Hypothesis: “A restrictive fluid regimen in adults undergoing major abdominal surgery would lead to a lower rate of complications and a higher rate of disability-free survival than a liberal (traditional) fluid regimen”
Methods: Approximately 3000 patients undergoing elective extensive (>2h) abdominal surgery were randomized to a restrictive fluid resuscitation strategy (goal zero fluid balance) vs. traditional practice. Restrictive was described as <5ml/kg at induction, 5 mg/kg/h intraop, 0.8 ml/kg/hr for 24 hours postop and general strategy of vasopressors before volume. For the traditional practice, patients received 10 ml/kg at induction, 8 ml/kg/hr intraop, 1.5 ml/kg/hr for 24 hours postop with a general strategy of volume before pressors. Both groups were treated with albumin/blood to replace blood loss. The primary outcome was disability-free survival at one year measured via WHO Disability Assessment Schedule (WHODAS); secondary outcomes included AKI, 30-day composite mortality/surgical complications, ICU and hospital lengths of stay.

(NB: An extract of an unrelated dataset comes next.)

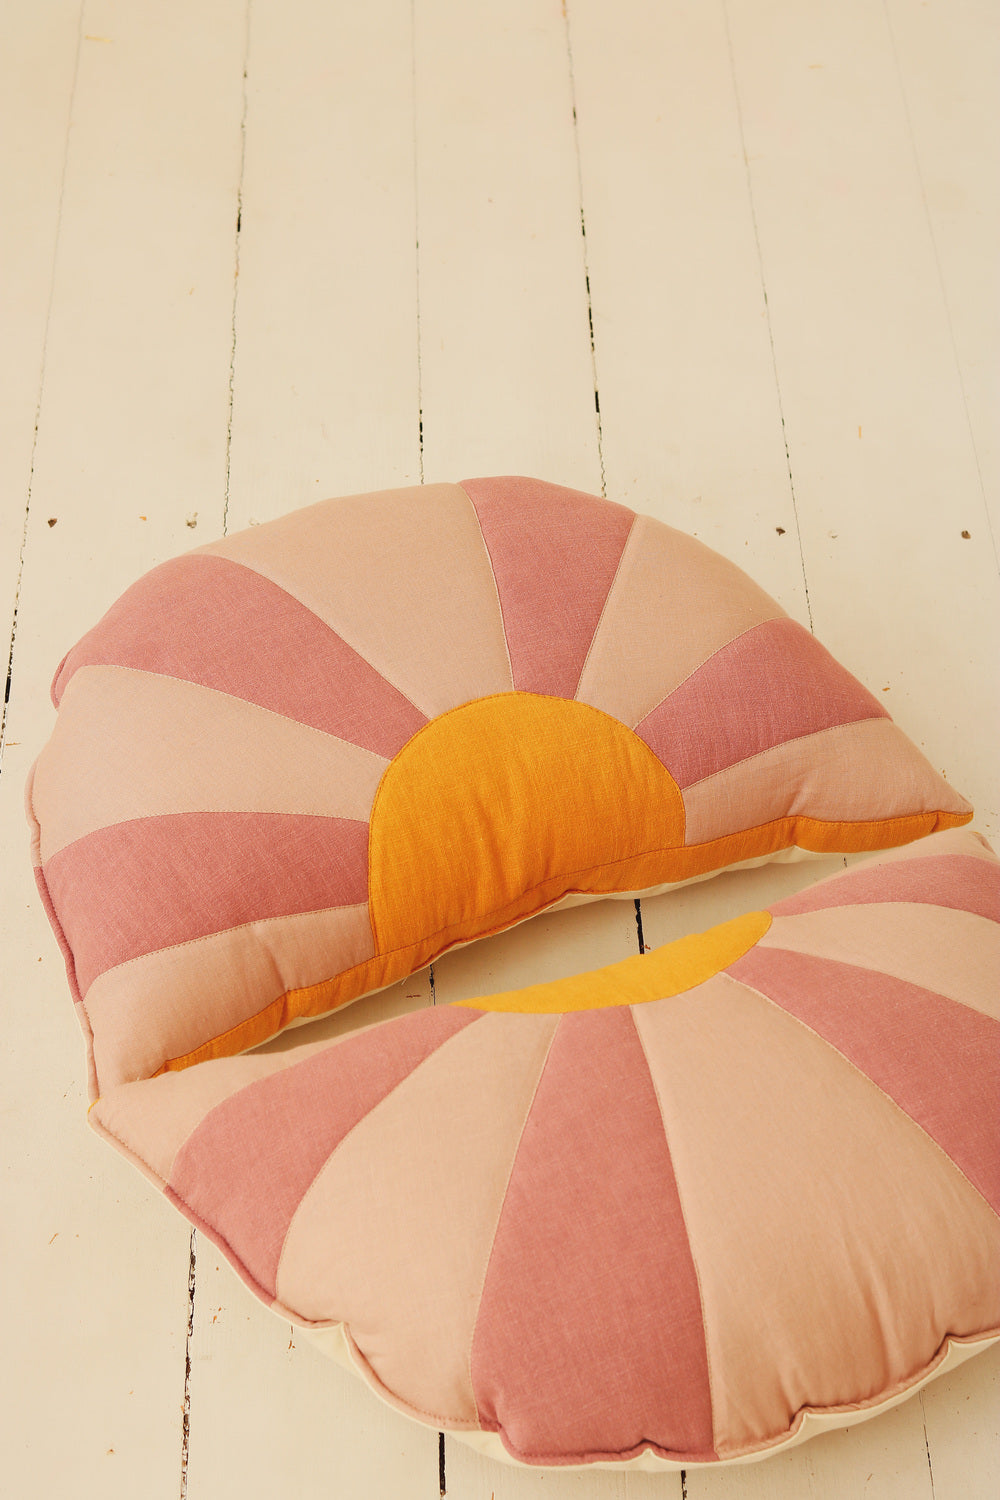 “Lazy Santa Cruz” Sun Pillow by Moi Mili

Results: No significant difference in disability-free survival at one year. Significant increase in incidence of AKI in the restrictive fluid resuscitation group. Trend toward an increase in surgical site infection in restrictive fluid group which was not significant after adjustment.
Strengths: Multicenter, international RCT; large study population with clear protocol; minimal attrition;, evaluated as modified intention to treat
Weaknesses: Variation in colloid administration per site; minimal difference in fluid administered per group (3.7L vs 6.1L); threshold of disability may be arbitrary (WHODAS score of >24 pts is associated with “25% disability”).
Key Point: Restrictive fluid resuscitation is not associated with a higher rate of disability-free survival.